In such a scenario, sensor 102 and/or user tag 130 may be
operatively coupled with a game token with which the user interacts
when performing the user behavioral action. Detection of the user
behavioral action may advance the user up a leaderboard and may
present the user with suitable offers that may enhance the user's
enjoyment of the game, and that may thus encourage the behavioral
change.
[0026] Offers are supplied by server computing device 106 to client
computing device 116. Client computing device 116 includes a logic
subsystem 120, a data-holding subsystem 122, and a display
subsystem 118, and is configured to read from and/or write to
removable computer readable media 124. Logic subsystem 120 is
configured to execute instructions stored in the data-holding
subsystem 122 to implement the instructions for performing various
methods described herein. Client computing device 116 may be any
suitable computing device. Non-limiting examples of client
computing device 116 include a mobile and/or wireless computing
device, a networked computer, or a kiosk-type device.
[0027] Client computing device 116 also includes a user interface
121 for receiving input from the user and for displaying
information to the user. For example, in one scenario, a user may
view information about the user's energy consumption and savings,
as detected by sensors 102, via user interface 121. A score and/or
a score value related to the sensed behavioral action of the user
may be presented to the user via user interface 121. User interface
121 may also present historical information for the user's sensed
behavioral actions (e.g., accumulated scores and/or score values,
instances of one or more sensed behavioral actions over a time
interval, etc.) that may incentivize the behavioral action and/or
inform the user of potential "backsliding" into old habits. User
interface 121 may be presented in any suitable way. Non-limiting
examples of user interface 121 include user-customizable and/or
personalized web pages, SMS text messages, TWITTER-style feeds, and
email alerts displayed by client computing device 116.
[0028] The user may receive and select offers via user interface
121. The user may also configure aspects of behavior reward module
112 via user interface 121. For example, a user may associate a
score with a behavioral action, such as assigning a score for
commuting a predetermined distance by bicycle. In some embodiments,
user interface 121 may be presented via display subsystem 118
though it will be appreciated that user interface 121 may be
presented to a user via any suitable presentation hardware.

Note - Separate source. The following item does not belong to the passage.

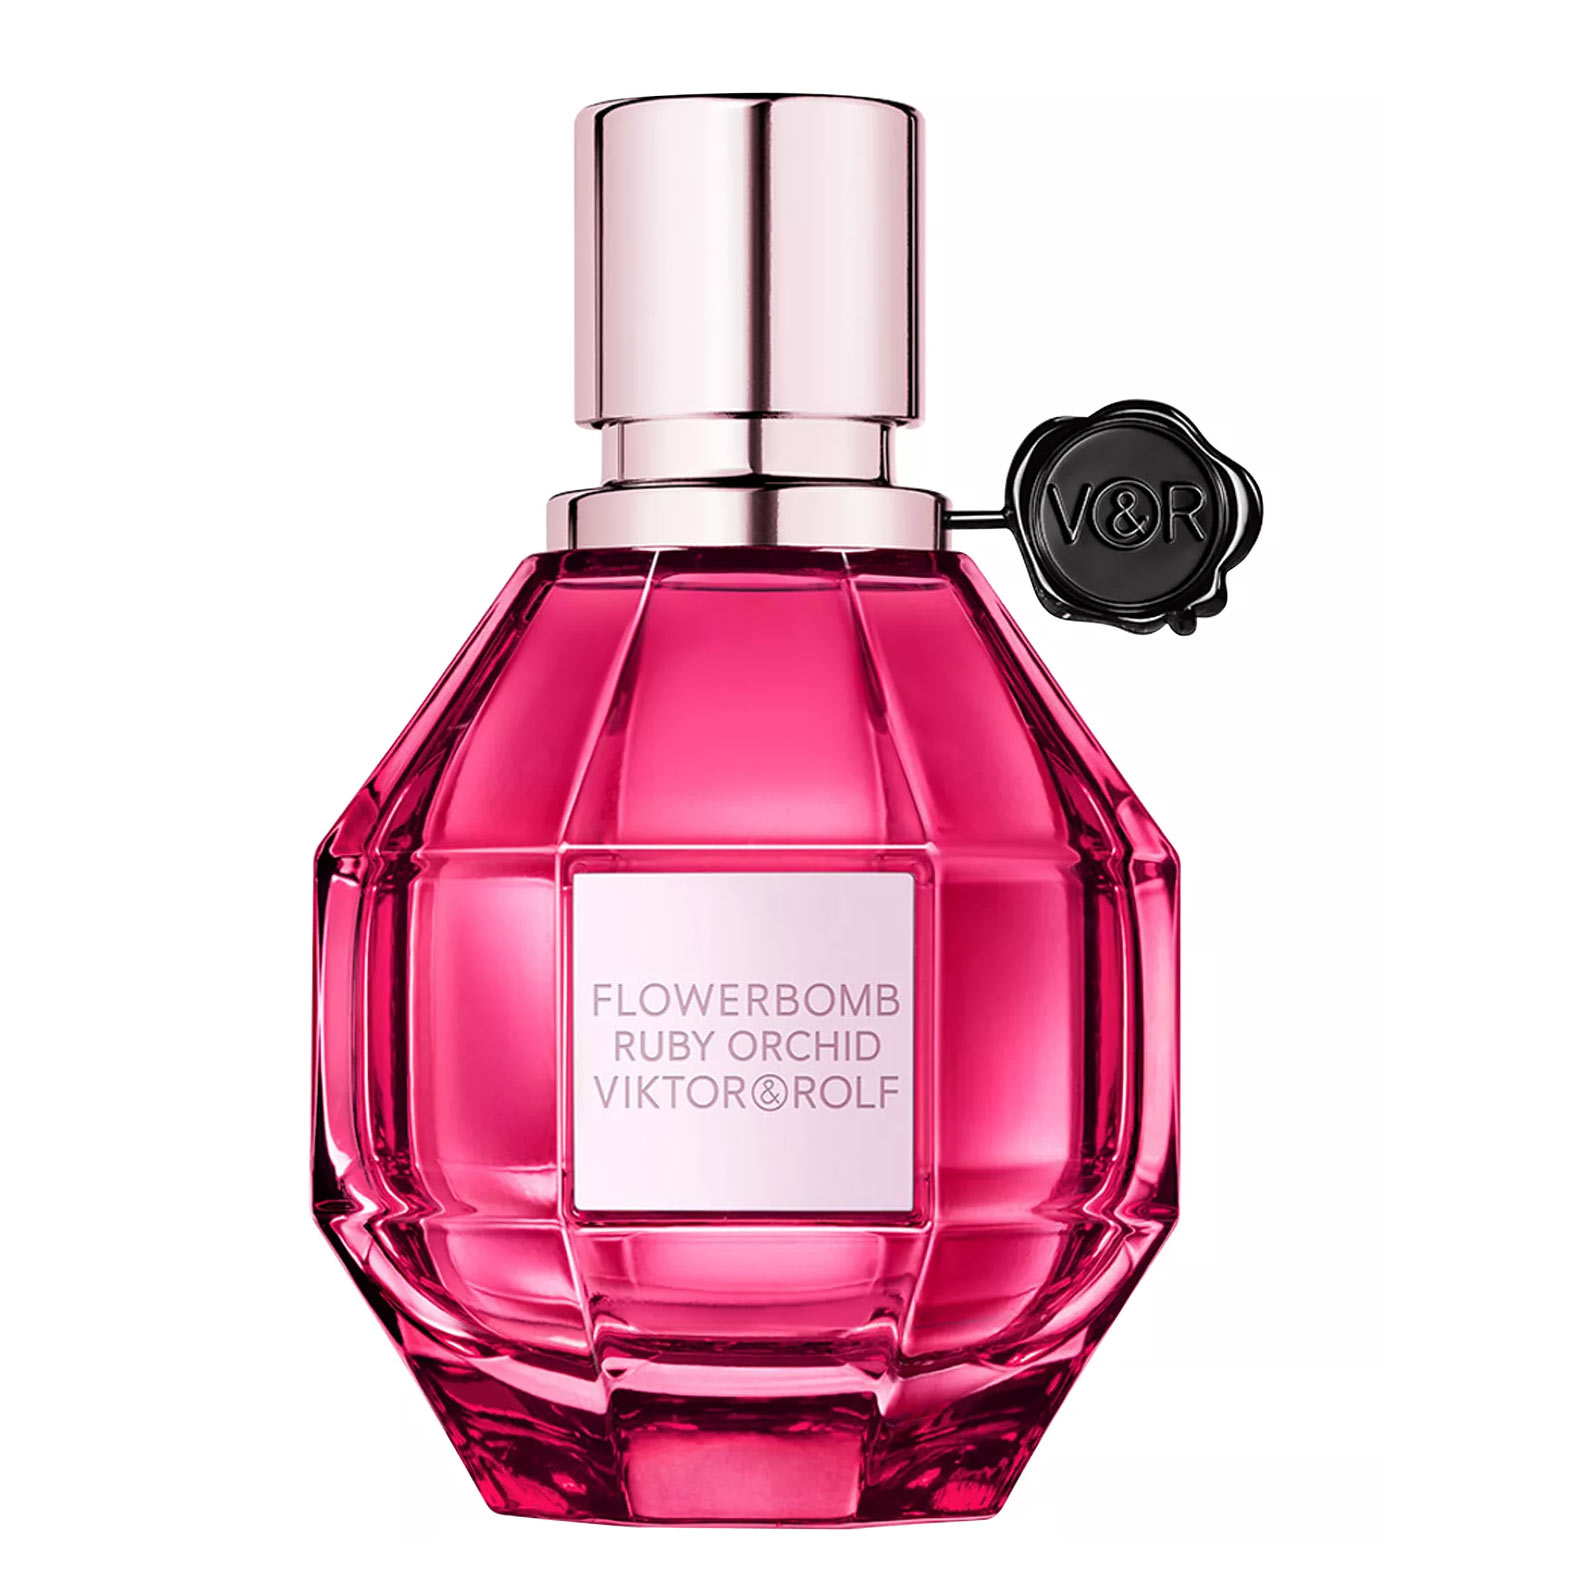 Flowerbomb-Ruby-Orchid-Viktor-and-Rolf

[0029] As shown in FIG. 1, communication among the various
computing devices of behavior reward system 100 is handled by
network 128. It will be understood that sensors 102, gateway
computing device 104, server computing device 106, client computing
device 116, and computing devices included in offering parties 126
may include suitable communication subsystems configured to
communicatively couple with one or more other computing devices.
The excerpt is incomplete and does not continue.